Stanford studies show benefits of forgoing traditional grading during pandemic

New research examines the impact of pass/fail and other assessment policies in 2020–21 — and the challenges they face to becoming standard practice.

Monique Harrison presenting her research over Zoom — Monique Harrison presents her research over Zoom in 2022.

By Rachel Burstein

After “Western University” temporarily switched to universal pass/fail grading in the early phase of the pandemic, more women across the university enrolled in their first math course and in a smaller sample there was evidence of an uptick in enrollment by first generation college students, and Black, Latinx, and Native American students.

Monique Harrison, who recently received her doctorate from Stanford Graduate School of Education, identified this trend in her dissertation, and presented her findings in the spring at the 2022 Pandemic Pedagogy Research Symposium (PPRS), organized by Duke Learning Innovation and co-sponsored by Stanford Digital Education. Her talk was one of a dozen or so at the event, including one from the Stanford Department of Computer Science, that examined how innovative pedagogies and assessments during the transition to emergency remote education in spring 2020 may have helped to make learning more student-centered, inclusive and equitable.

“The halt to in-person classes when COVID-19 struck led many educators to question the conventional wisdom in how we assess learning,” said Matthew Rascoff, Stanford vice provost for digital education who helped to found the symposium. “We need to understand the educational impact of alternative assessments developed during the pandemic, as Dr.
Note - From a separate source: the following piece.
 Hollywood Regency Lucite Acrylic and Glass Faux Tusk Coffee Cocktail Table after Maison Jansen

Harrison and others are doing, so we can invest further in promising practices and continue them into the future.”

Although Harrison’s data comes from only one school, which she identified by the pseudonym “Western University,” her study underscores why similar enrollment changes are likely to have occurred at other schools that enacted pass/fail grading. Her interviews with students showed that the pass/fail mandate at Western was a major reason why they chose to take their first math class. Students in most introductory STEM courses are usually awarded grades in relation to one another, “on a curve.” In the pass/fail system, when these students were not being graded on a curve, they reported being less apprehensive, Harrison said.
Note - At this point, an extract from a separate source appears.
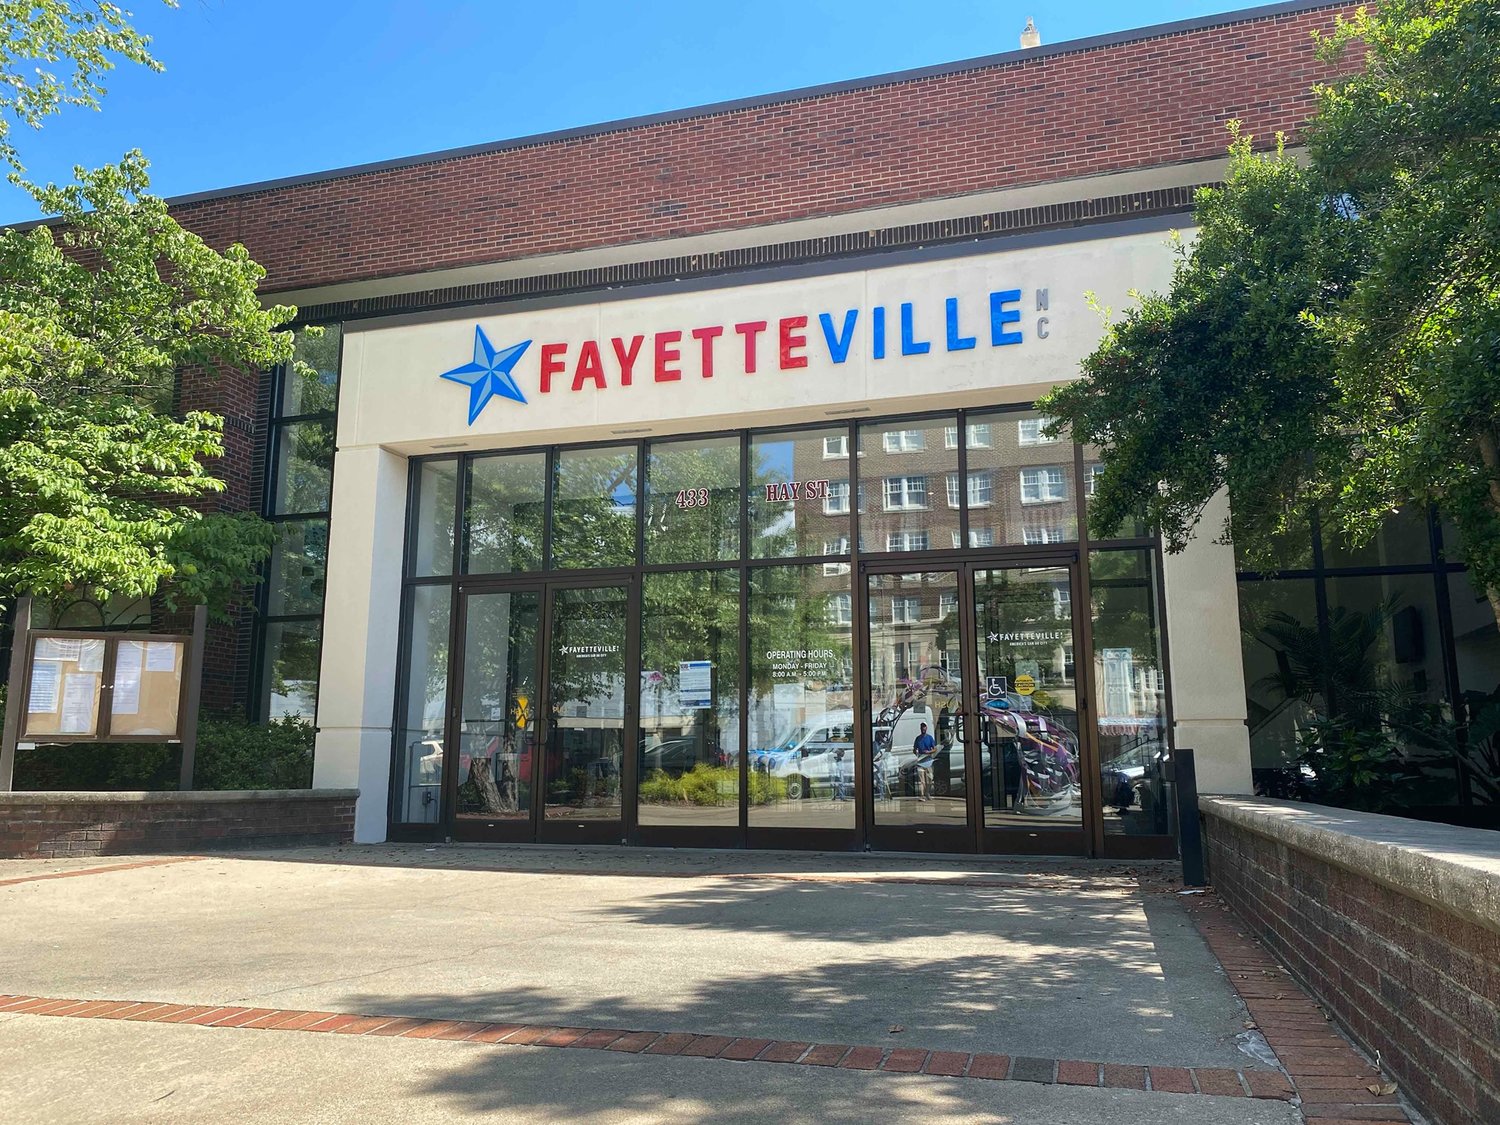 The Longleaf Pine Realtors Inc. and the Home Builders Association of Fayetteville say the City Council should find a meeting room large enough to accommodate the public.

“Especially in the first year, students have this question in their minds: ‘Where am I going to stand in comparison to my peers?'” Harrison explained. “That's where curved grading can really put particular groups of students in a worse position, psychologically.”

Spring: First math enrollments by gender

A bar graph showing how enrollment by female students in their first math course increased in 2019-20.
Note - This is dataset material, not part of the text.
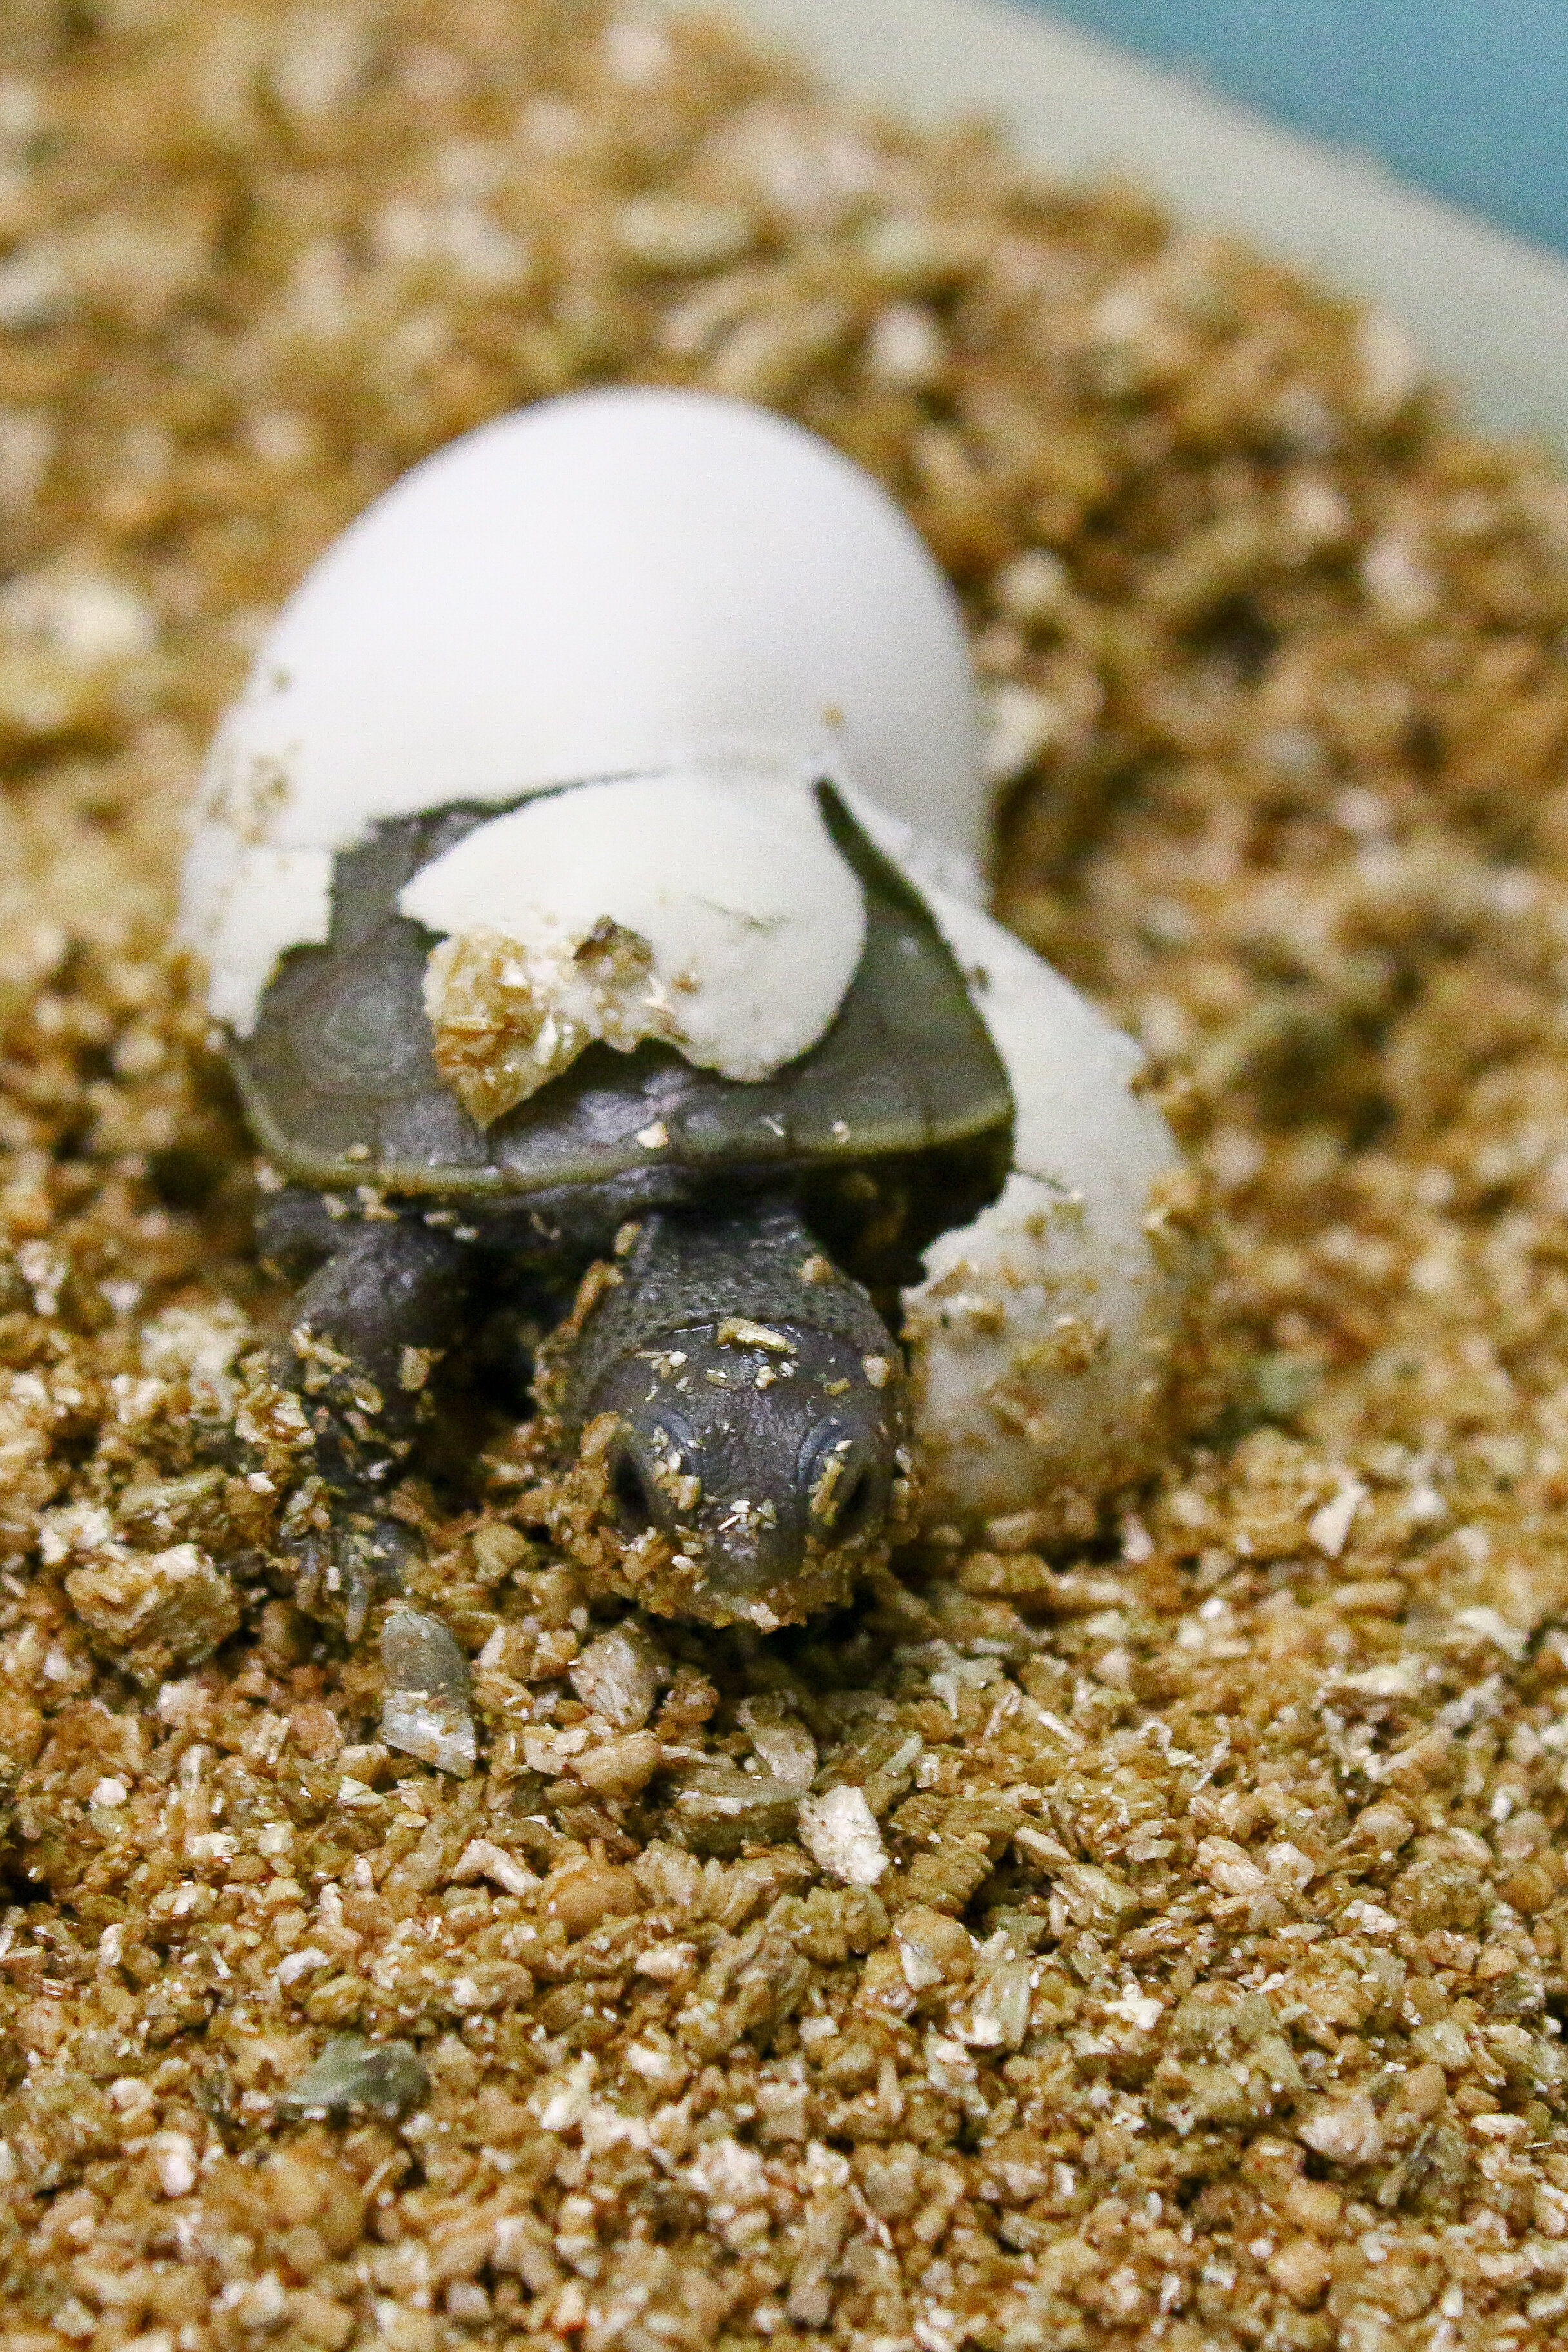 Diamondback terrapin hatching at The Wetlands Institute from egg recovered from a road-killed mother.

This graph shows spring first math enrollments over time by gender that Monique Harrison PhD ’22 found in her research at “Western University.” In the spring of the 2016-17 school year, enrollment of women in first math classes was somewhat higher than enrollment of men. In the spring of the 2017-18 school year, enrollment of women and men in first math classes was approximately equal. In the spring of the 2018-19 school year, enrollment of men in first math classes was slightly higher than enrollment of women. In the spring of the 2019-20 school year, overall enrollment in first-year math classes rose from prior years. Male enrollment was well above the 2016-17 and 2017-18 spring figures, and slightly below the 2018-19 spring level. Female enrollment rose from a previous high of around 75 students in 2018-19 to a new high of over 100 students in the spring of 2019-20.

Assessment innovations in the Computer Science Department

While Harrison’s work focused primarily on the pass/fail policy’s impact on enrollment, faculty and students in the computer science department examined how course design was affected by Stanford’s satisfactory/no credit grading policy for undergraduates and the university’s subsequent decision to eliminate final exams during remote learning.

Both of those changes paved the way for some instructors to design assessments that gauged student learning and mastery, independent of the performance of other students in the course. In the mastery learning model, students must demonstrate proficiency of material before advancing to new material.

Cynthia Lee, a lecturer in the computer science department, explained how she seized the opportunity to put aside the grading curve: “I’ve always wanted to experiment with some form of mastery learning, and [the remote learning period] was my chance.”

At the PPRS event, a study from researchers in the computer science department and Graduate School of Education examined new approaches to assessment that Lee and some of her colleagues implemented across six core computer science classes from spring 2020 through spring 2021, during remote learning.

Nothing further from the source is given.